The above is only a preferred embodiment of the present invention, it should be pointed out that: for the ordinary skill people of the art
For member, various improvements and modifications may be made without departing from the principle of the present invention, these improvements and modifications are also answered
It is considered as protection scope of the present invention.
Claims (9)
- A kind of method 1. number real-time voice is changed voice, which comprises the following steps:Step 1, divided by sound and distinguish the voiceless sound in voice with non-voiceless sound;Step 2, non-voiceless sound is decomposed by linear prediction, and raw tone is divided into two parts of former base sound and channel model;Step 3, former base sound is adjusted according to actual needs;Step 4, the Pitch Information in fundamental tone adjusted and particular person fundamental tone library is compared, finds out the base for being best suitable for requirement Sound signal;Step 5, Pitch Information is reconstructed and optimized, revised pitch signal is obtained;Step 6, fundamental tone and channel model carry out speech synthesis after amendment, form the non-Unvoiced signal after changing voice;Step 7, original Unvoiced signal and non-Unvoiced signal are integrated, forms voice signal adjusted.
- 2. digital real-time voice is changed voice method according to claim 1, it is characterised in that: particular person fundamental tone library mostlys come from The content that the voice of particular person is analyzed and extracted, including particular person corresponding common syllable and word during the pronunciation process Pitch signal.
- 3. digital real-time voice is changed voice method according to claim 1, it is characterised in that: pass through linear prediction general in step 2 Speech decomposition is two parts of channel model and former base sound, wherein channel model parameter retains, the speech synthesis for the later period.

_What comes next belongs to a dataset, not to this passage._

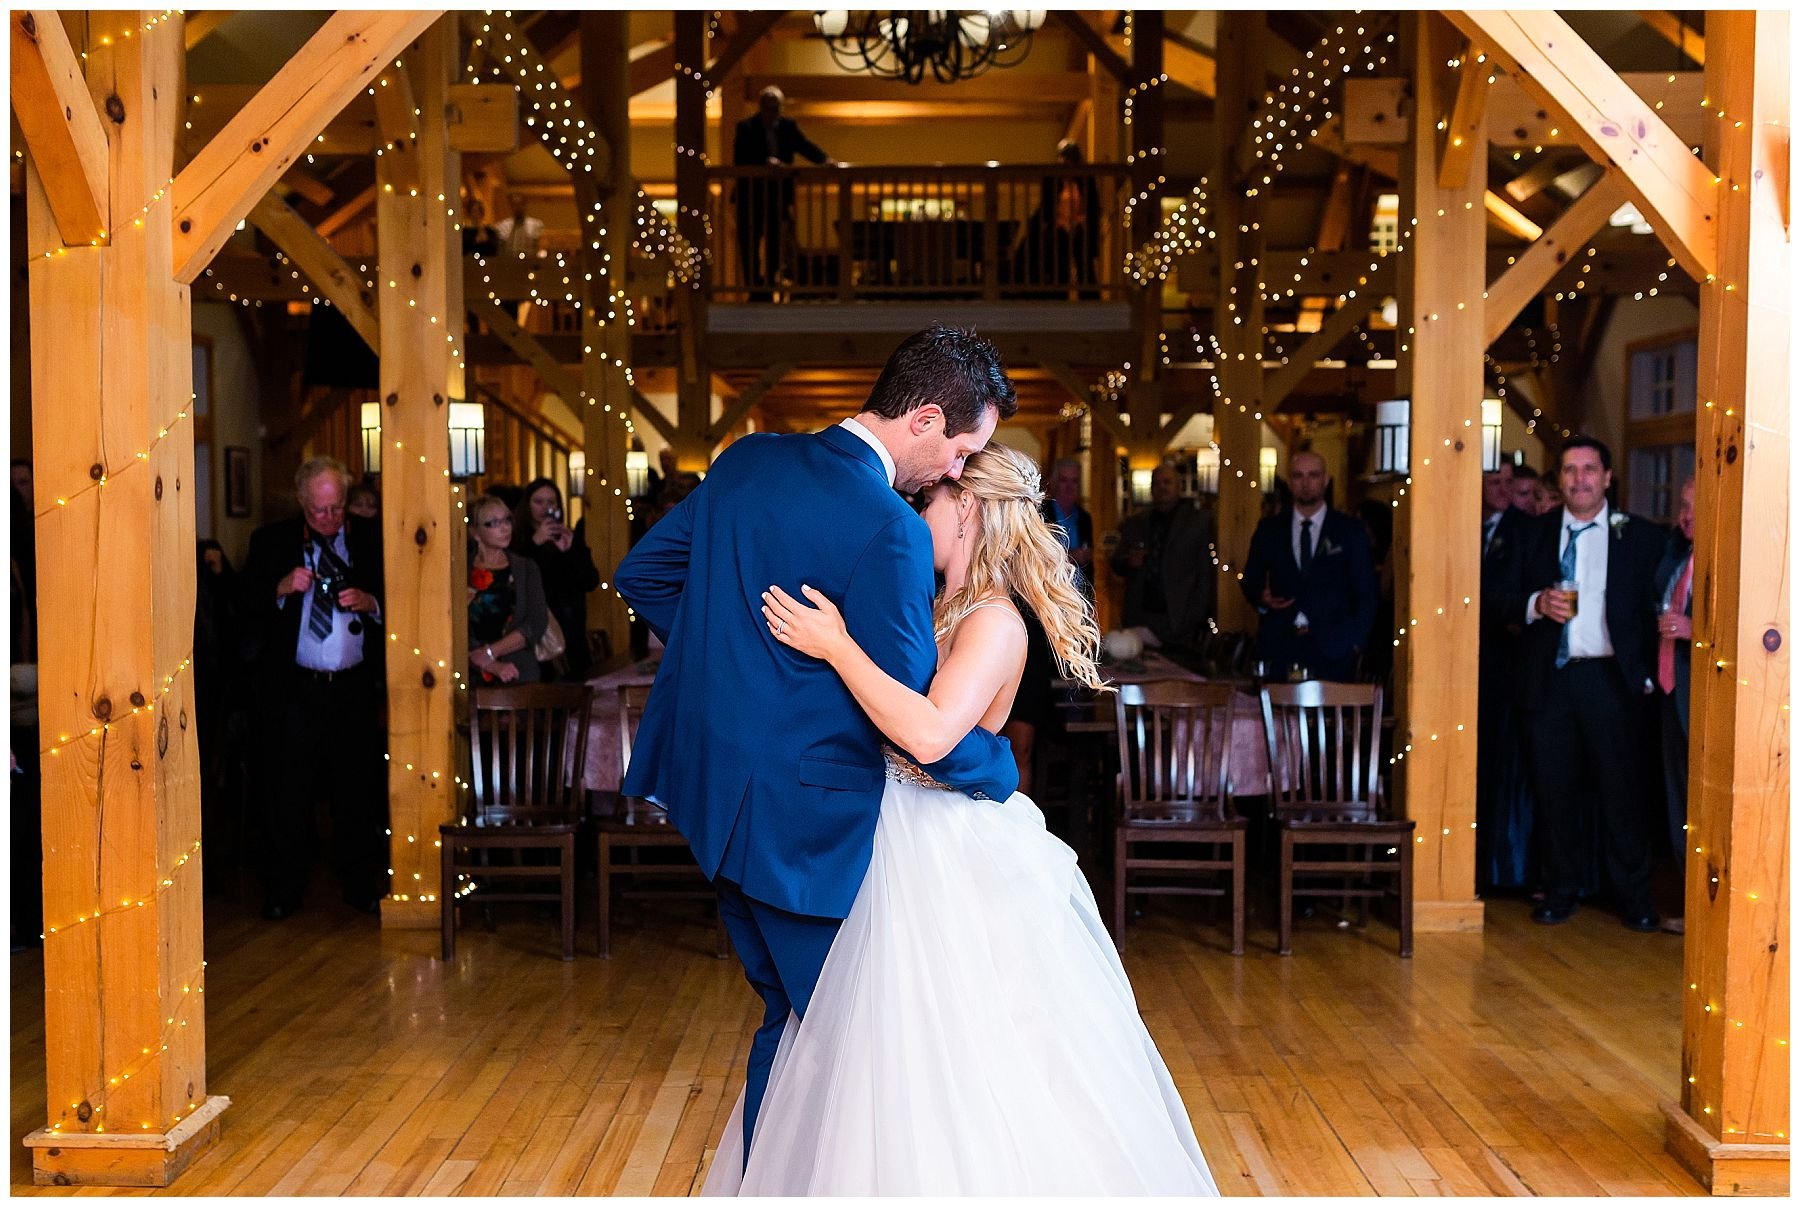 First dance bride and groom at Temple's sugar bush wedding

- 4. digital real-time voice is changed voice method according to claim 1, it is characterised in that: by former base sound adjusted with it is specific All pitch signals in people's fundamental tone library are compared, and are compared by correlation, pattern match or machine learning method, obtain The most similar pitch signal segment.
- 5. digital real-time voice is changed voice method according to claim 1, it is characterised in that: particular person fundamental tone library saves beyond the clouds In system, while utilizing dedicated real-time retrieval system.
- 6. digital real-time voice is changed voice method according to claim 1, it is characterised in that: realized using DSP and ARM system.
- 7. digital real-time voice is changed voice method according to claim 6, it is characterised in that: DSP realizes sound segmentation, linear pre- Brake extracts the former base sound of non-Unvoiced signal.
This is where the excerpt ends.